Children’s book illustrations used to feel a lot more predictable. Not in a bad way, but in a structured way where everything had a clear purpose. The images were there to support the text and keep things visually consistent from page to page. You could usually open an older picture book and know exactly what kind of experience you were going to get.
That is not really the case anymore.
Modern children’s books feel looser and more experimental in a way that is hard to ignore.
Illustrators are not just trying to show what is happening in the story. They are trying to shape how it feels to read it. The style of the art often carries just as much meaning as the words themselves.
A book like The Little Prince by Antoine de Saint Exupéry still feels tied to that older approach.

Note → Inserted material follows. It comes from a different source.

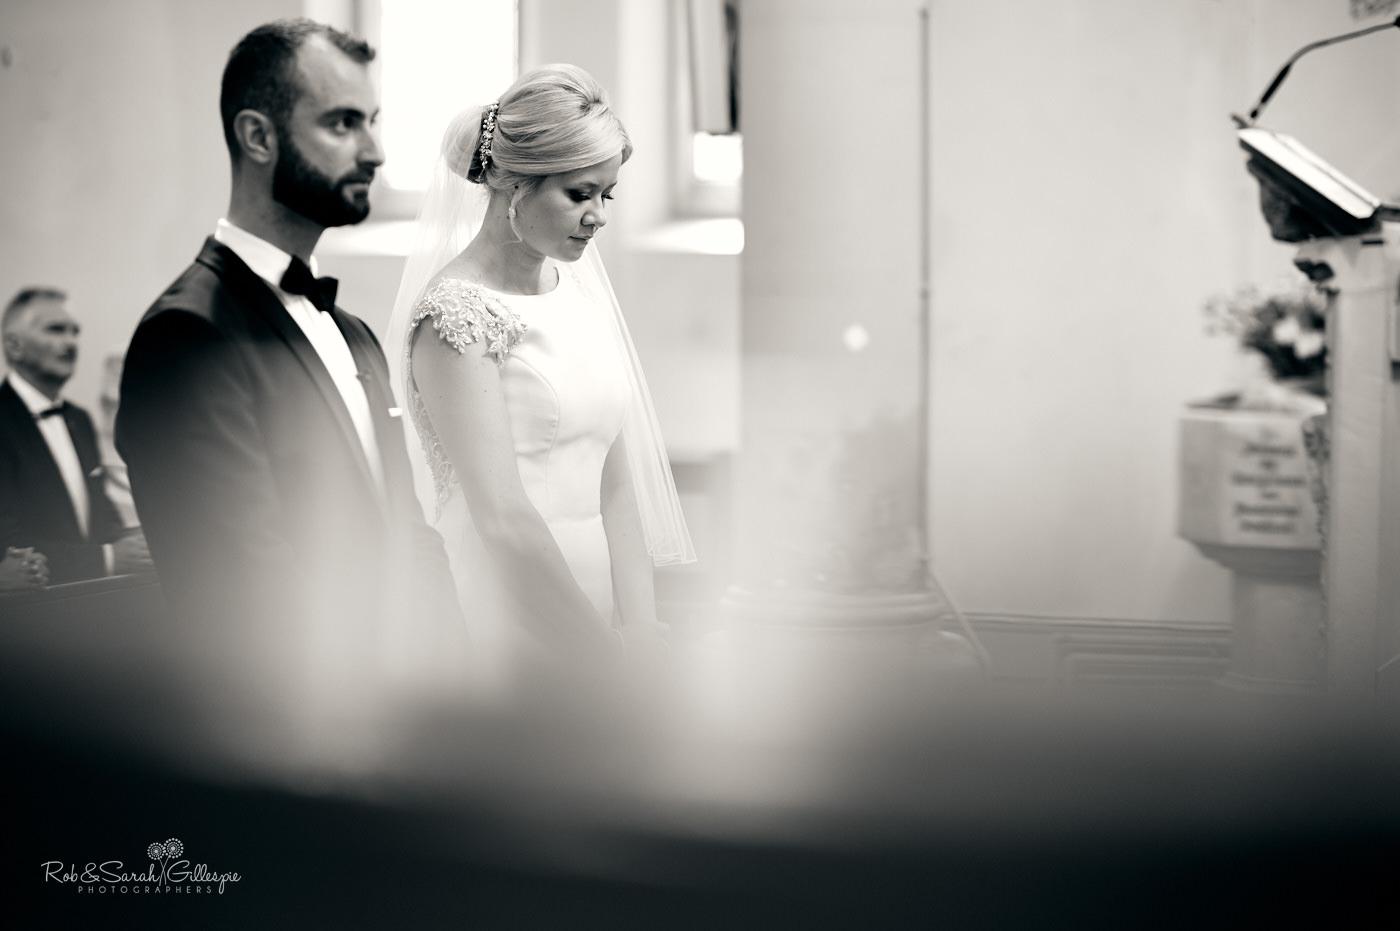 Wedding ceremony at St Anne's Roman Catholic church in Birmingham

The illustrations are simple, almost like sketches that were never meant to be overworked. They leave a lot of space open, which actually fits the tone of the story.

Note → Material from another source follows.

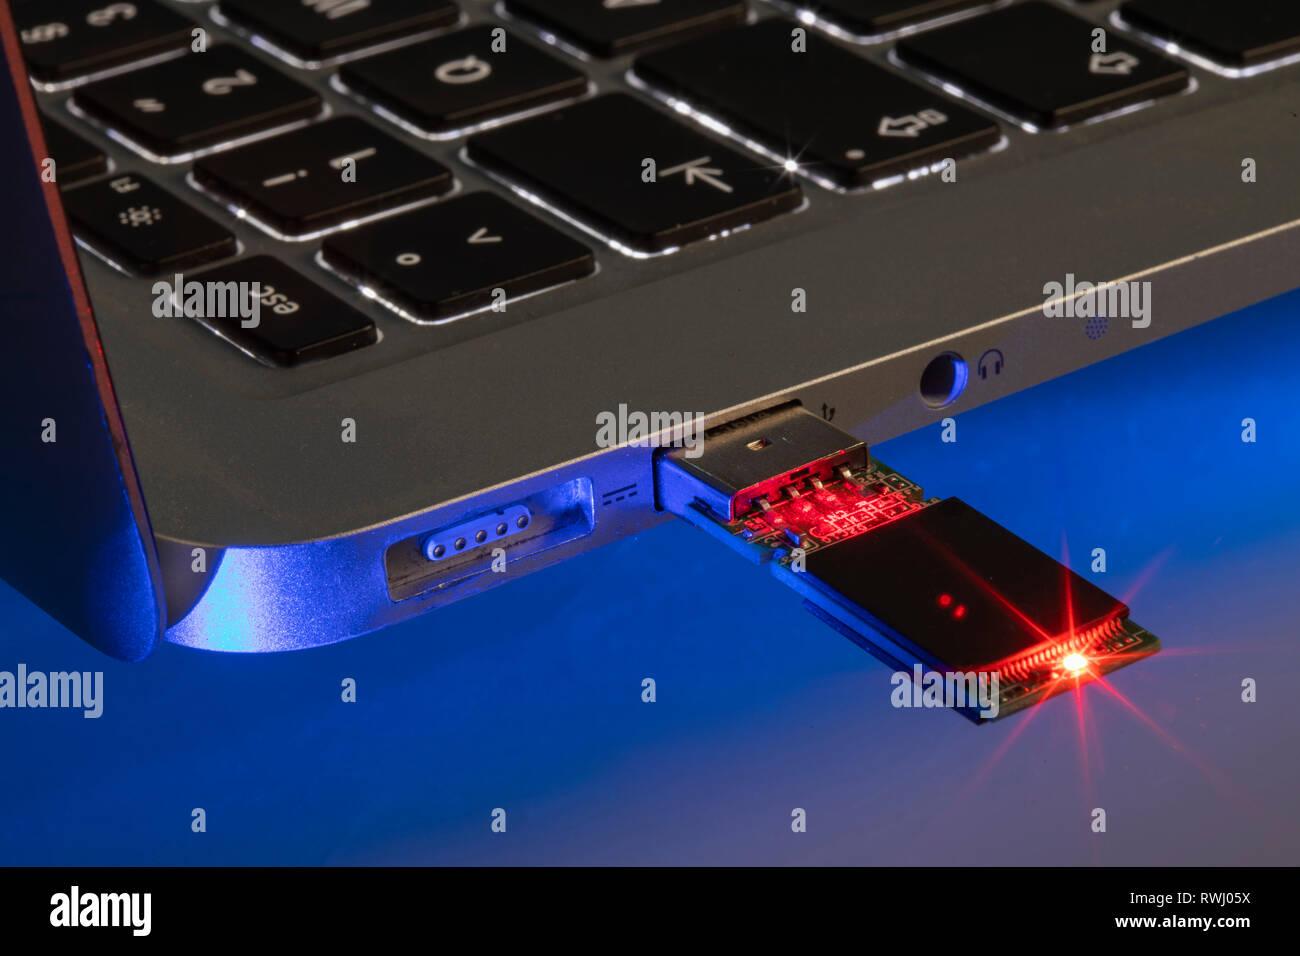 Memoria USB en un ordenador portátil, Foto de stock

Then you have something like The House in the Night by Beth Krommes, which feels much more modern in how it uses illustration.

The scratchboard technique creates these dense textures of light and shadow that feel almost carved instead of drawn.

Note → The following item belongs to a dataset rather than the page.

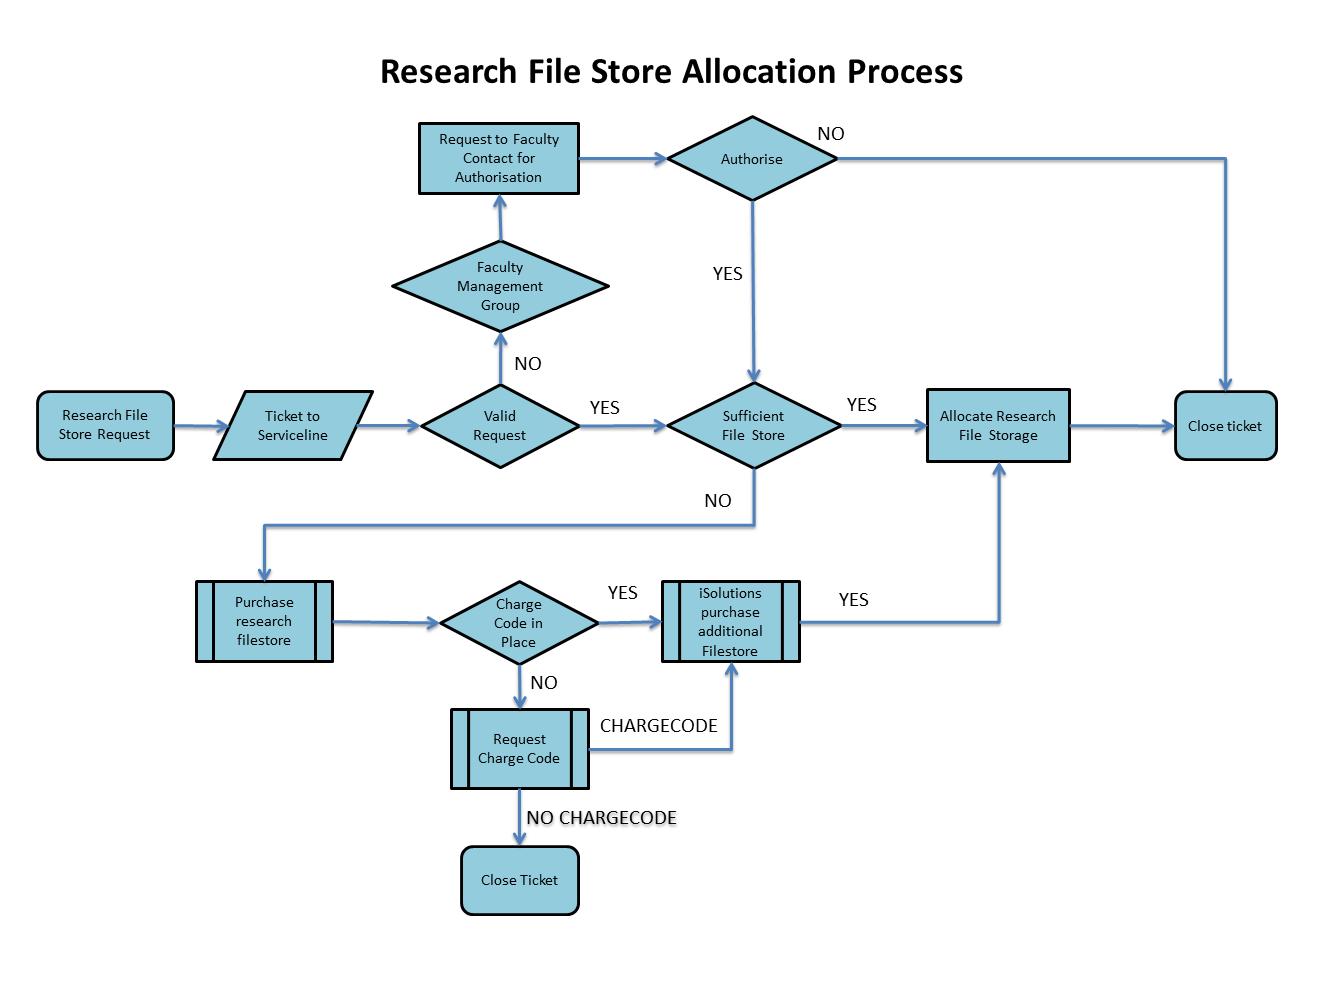 research file store request process

The images are not just showing scenes. They are building an atmosphere.
The contrast between dark backgrounds and glowing details gives the whole book a kind of quiet intensity that sticks with you.
What is interesting is how much more freedom illustration has now. There is less pressure to make everything visually uniform or realistic.
Instead, you get styles that feel personal where the texture and mood matter more than perfect detail.
The shift is not just about aesthetics. It changes how children experience stories.
Older illustration tends to guide you through a story in a very direct way. Modern illustration lets you sit inside it a bit longer and interpret what you are seeing.
It feels less like being shown a story and more like being invited into one.